Liu explained how he simulated a stripped-down version of this system (without origin-destination estimation and resource allocation modules) on a simplified road network containing only a few nodes and links. For each node (intersection) in the network, the system calculates the optimal turning percentage to achieve a desired performance measure, such as lowest total travel time or minimum number of "victim vehicles" (vehicles unable to clear the network before a deadline). The system uses a "rolling horizon" approach to estimate traffic flow characteristics every two minutes and update its control strategy accordingly.

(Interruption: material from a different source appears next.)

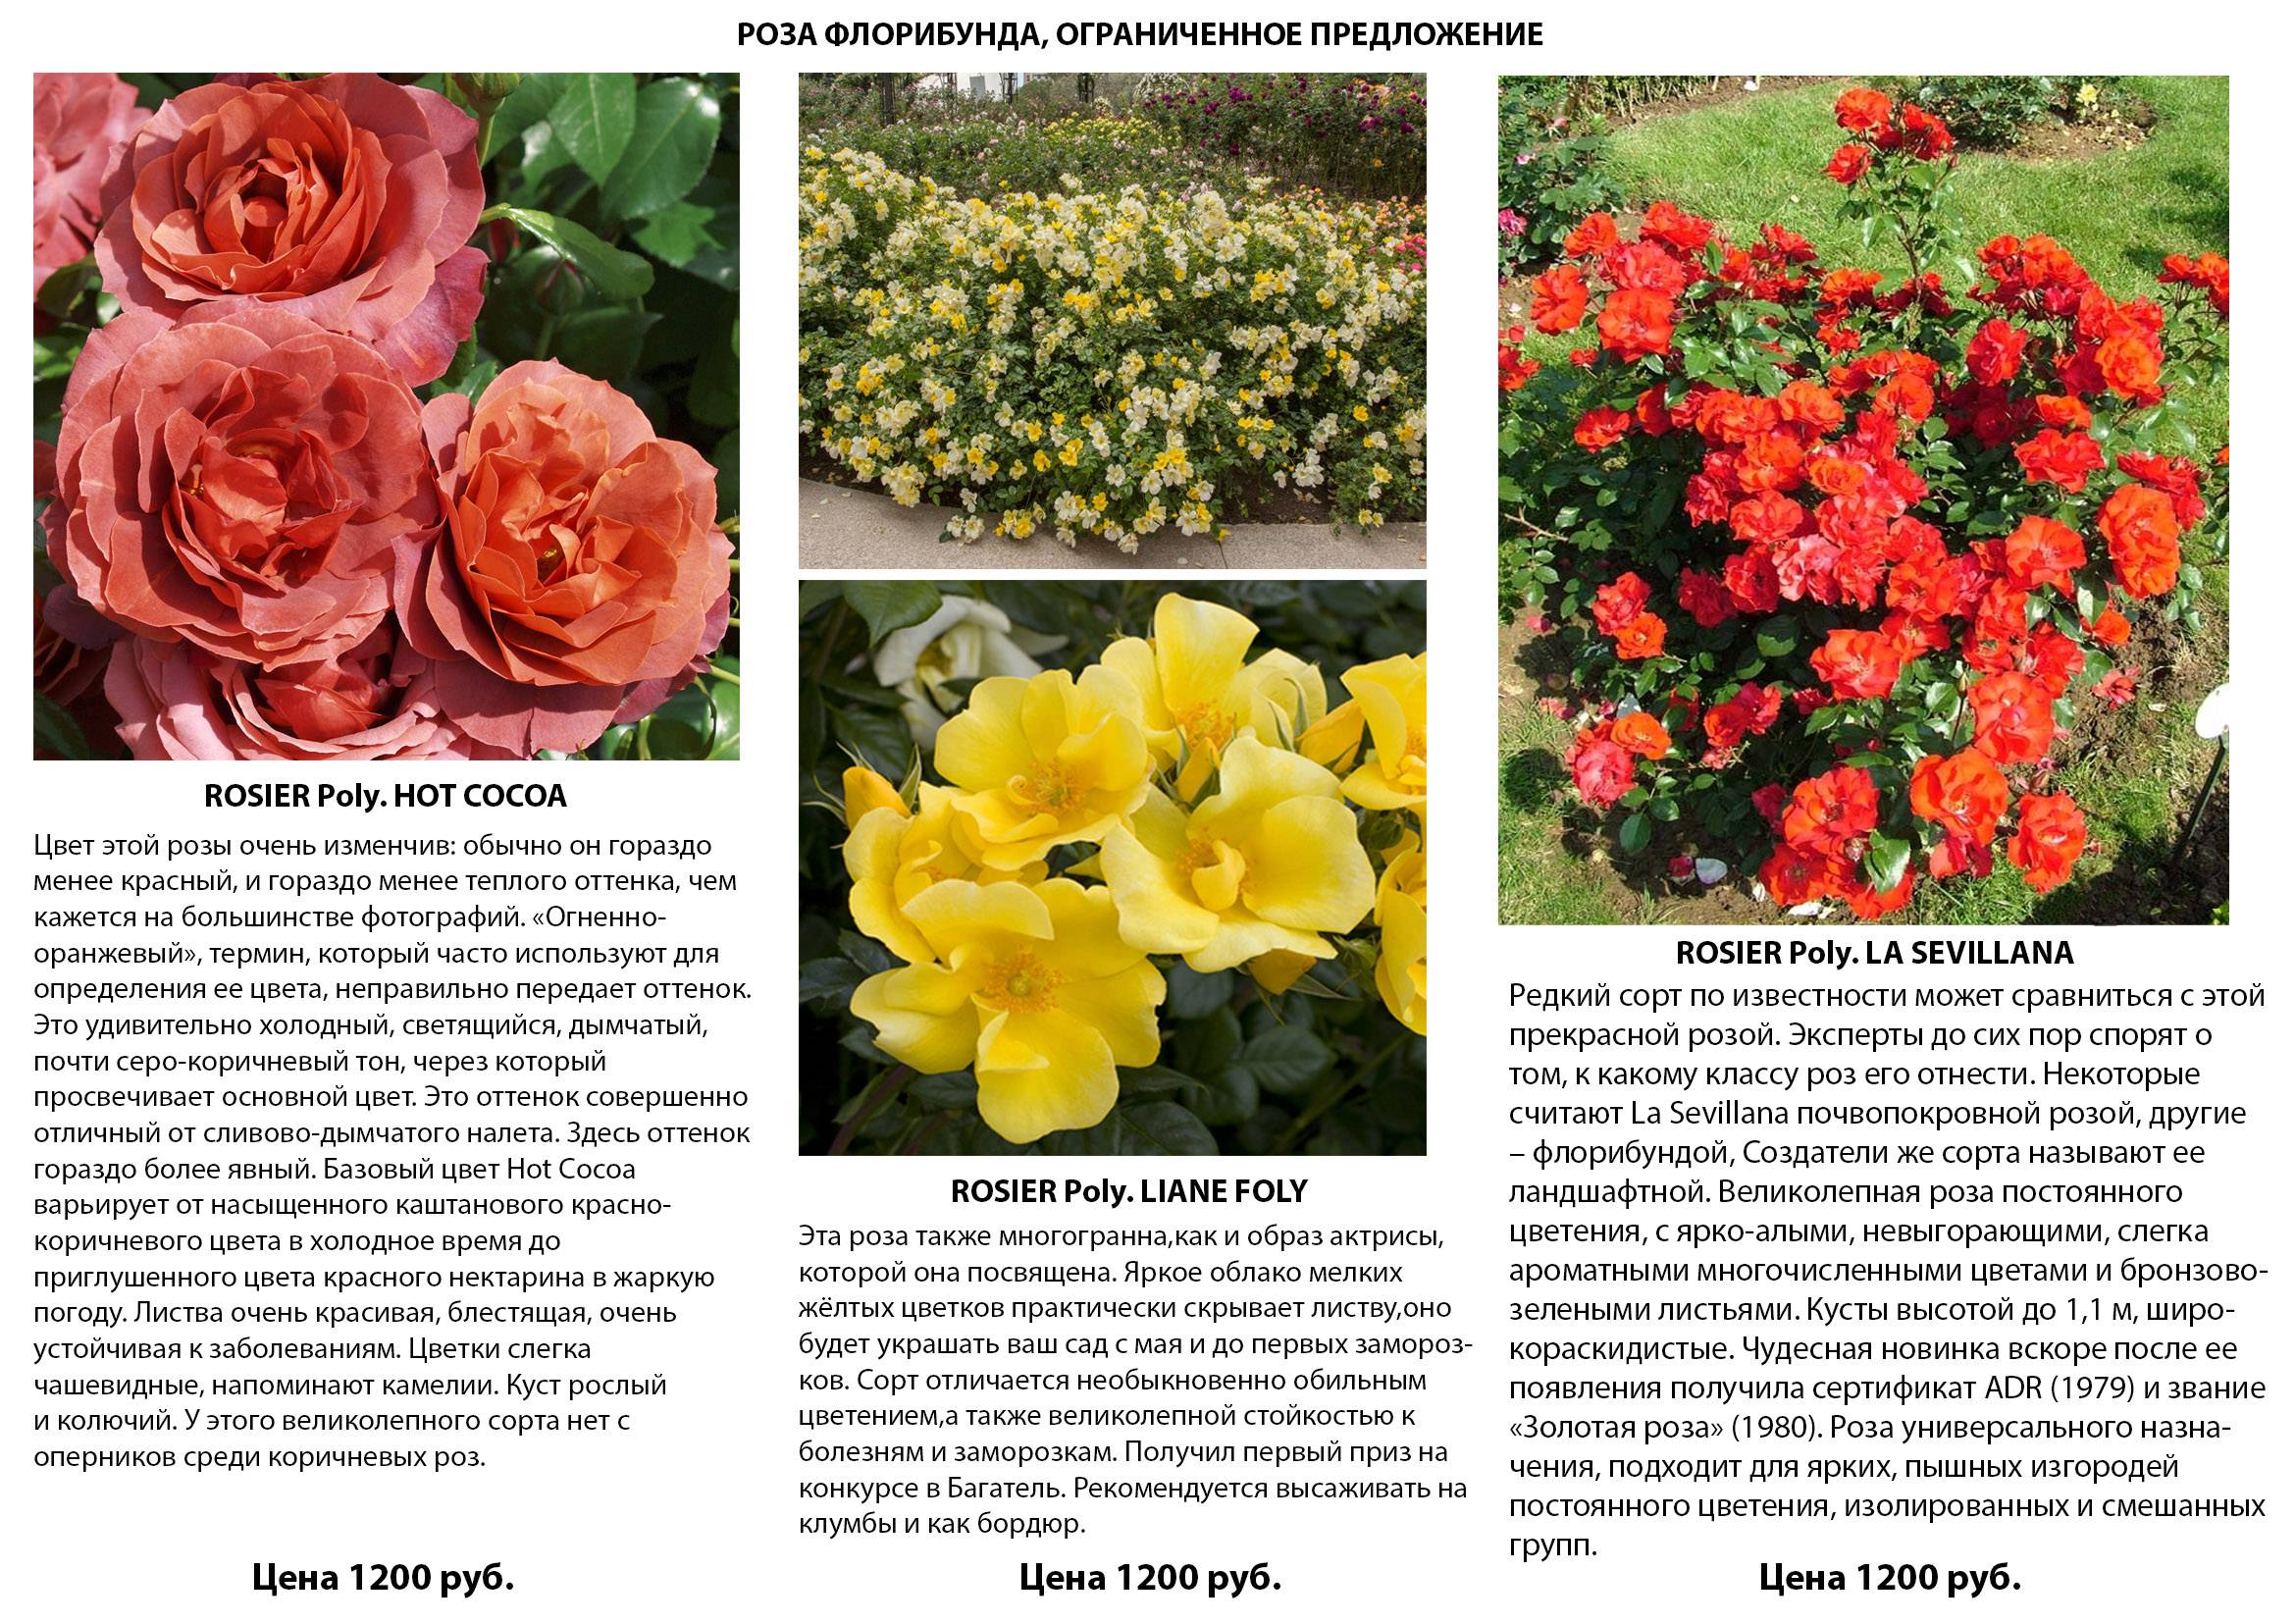 Роза абракадабра - характерные черты сорта и как выращивать в саду

A complete system of this type, Liu said, would comprise five major components: the reference model; a simulation engine capable of computing the routes of individual vehicles; the traffic signal controller; an origin-destination estimation module; and a resource allocation module (to optimize performance in the event that not all areas can be effectively controlled).

Liu, who joined the Department of Civil Engineering as an assistant professor in August of 2005, began working with adaptive traffic control systems before coming to Minnesota; he said he intends to continue his work here at the University of Minnesota.